Ashdod, on Israel’s southern coast plain, has become the battleground for the future of a new law that could force supermarkets to close on Shabbat.
Demonstrations have been held in the city over recent weeks after its council decided to levy fines on shops that open on Judaism’s day of rest.
The city has become Israel’s sixth largest in recent decades through an influx of new Charedi communities and secular families arriving from the former Soviet Union.
The two groups live in separate neighbourhoods, but Charedi politicians hold sway over the local council and have pressed Mayor Yehiel Lasri to close shopping centres open in the mainly secular areas.

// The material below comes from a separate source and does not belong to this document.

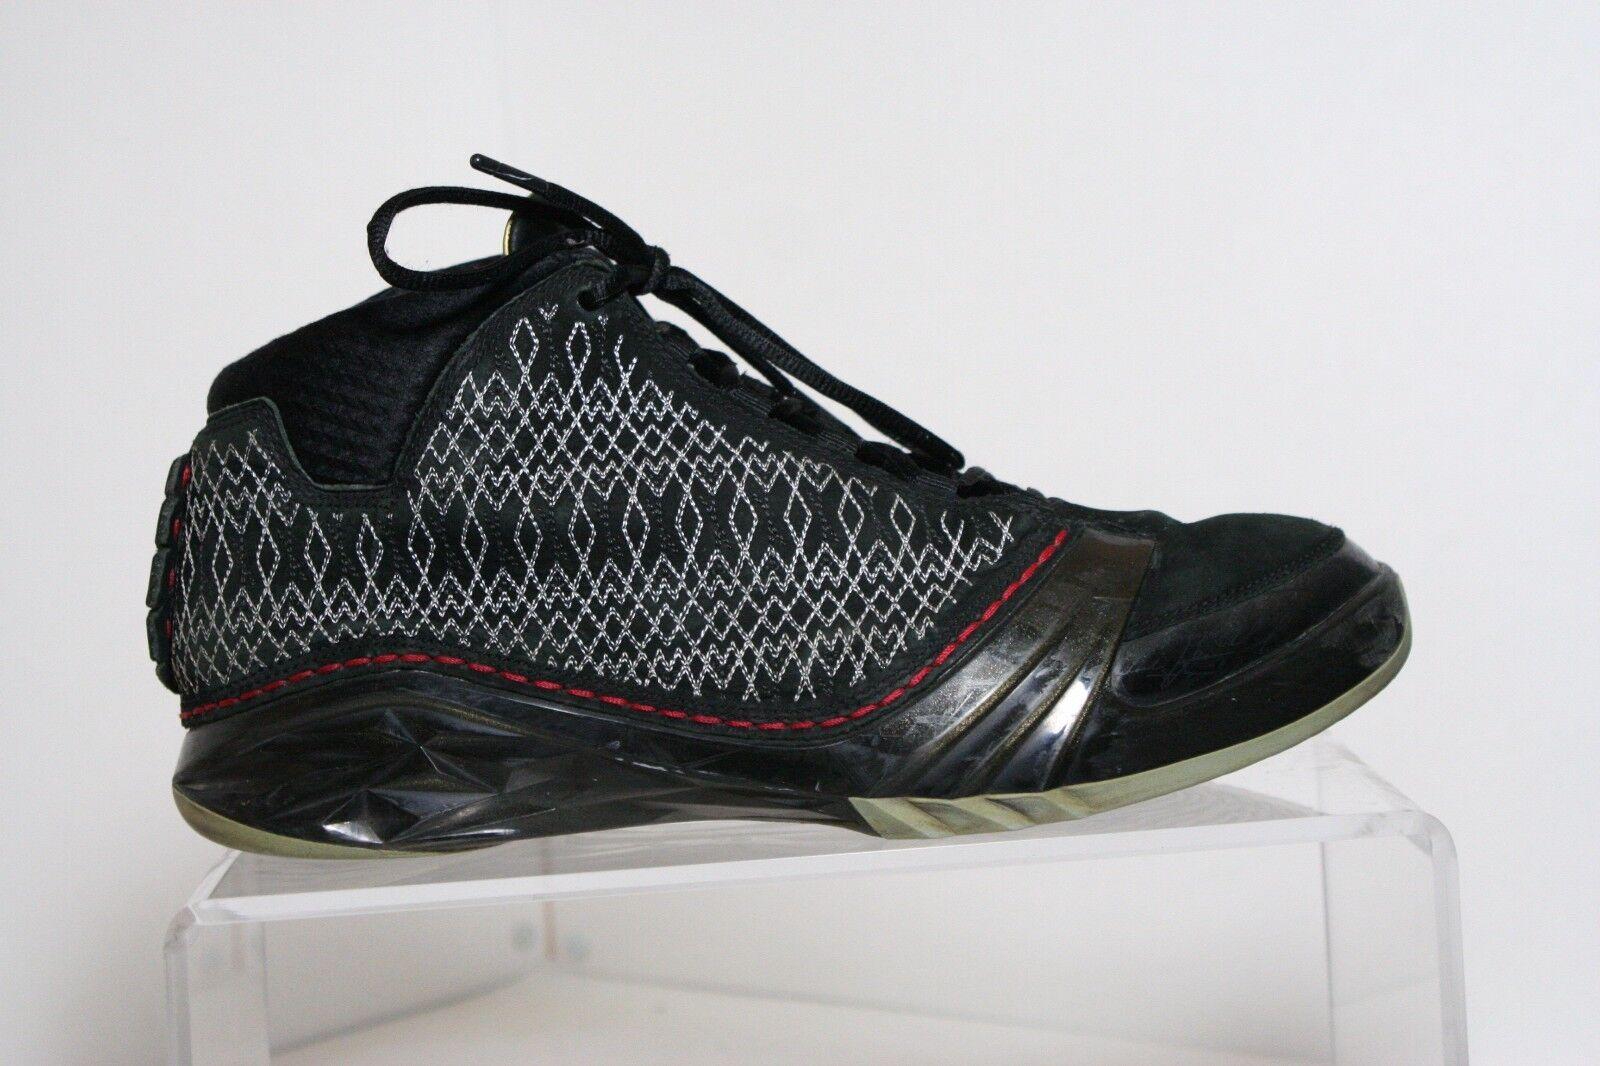 super popular 8b6c2 a4f12 Nike Air 23 XX3 Black Stealth Sneaker 2007 Athletic Multi ...
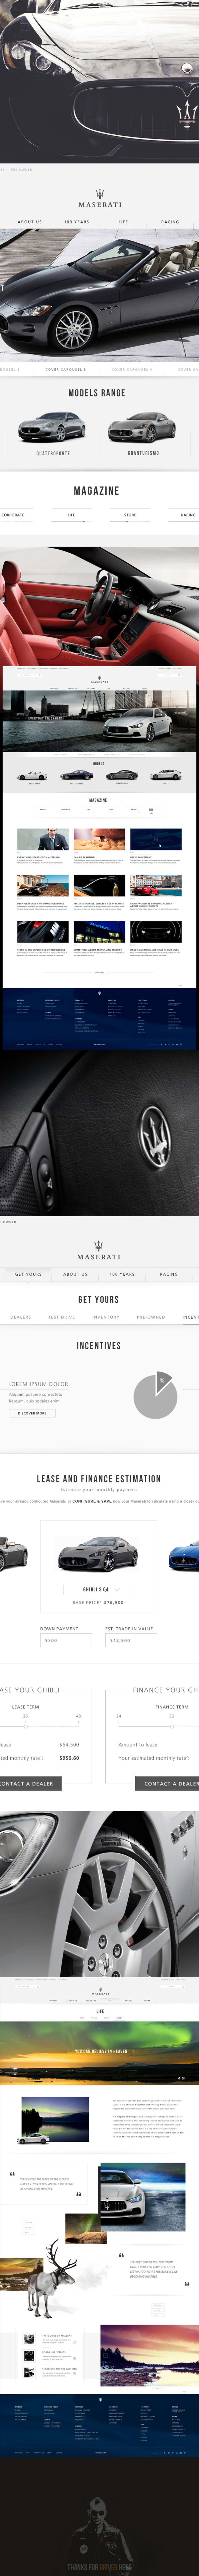 Maserati -1

The Knesset narrowly voted earlier this month to pass a Strictly Orthodox bill granting Interior Minister Arye Deri the power to order local authorities to close shops in their area between Friday and Saturday nights.
Mayors in large cities said it would be difficult to enforce, given they could not send Jewish inspectors out on Shabbat to check whether shopkeepers are keeping their businesses open.
Even some Charedi politicians admitted that despite supporting the law in principle, they did not believe it would actually be implemented.
But in Ashdod, city inspectors have been handing out fines to shops that trade on Shabbat.
Politicians who oppose the so-called “Groceries Law” have flocked to Ashdod in the hope of capitalising on the widespread public dislike.
Among them was Defence Minister Avigdor Lieberman, who took the highly irregular step of appearing in public on Shabbat while shopping and drinking coffee, surrounded by Russian-speaking constituents.
The move enraged his Charedi coalition colleagues, but they are aware that the controversy over the new law is a major boost for secular parties – not just Mr Lieberman’s Yisrael Beitenu, but Yair Lapid’s opposition Yesh Atid, which has been rising in the polls.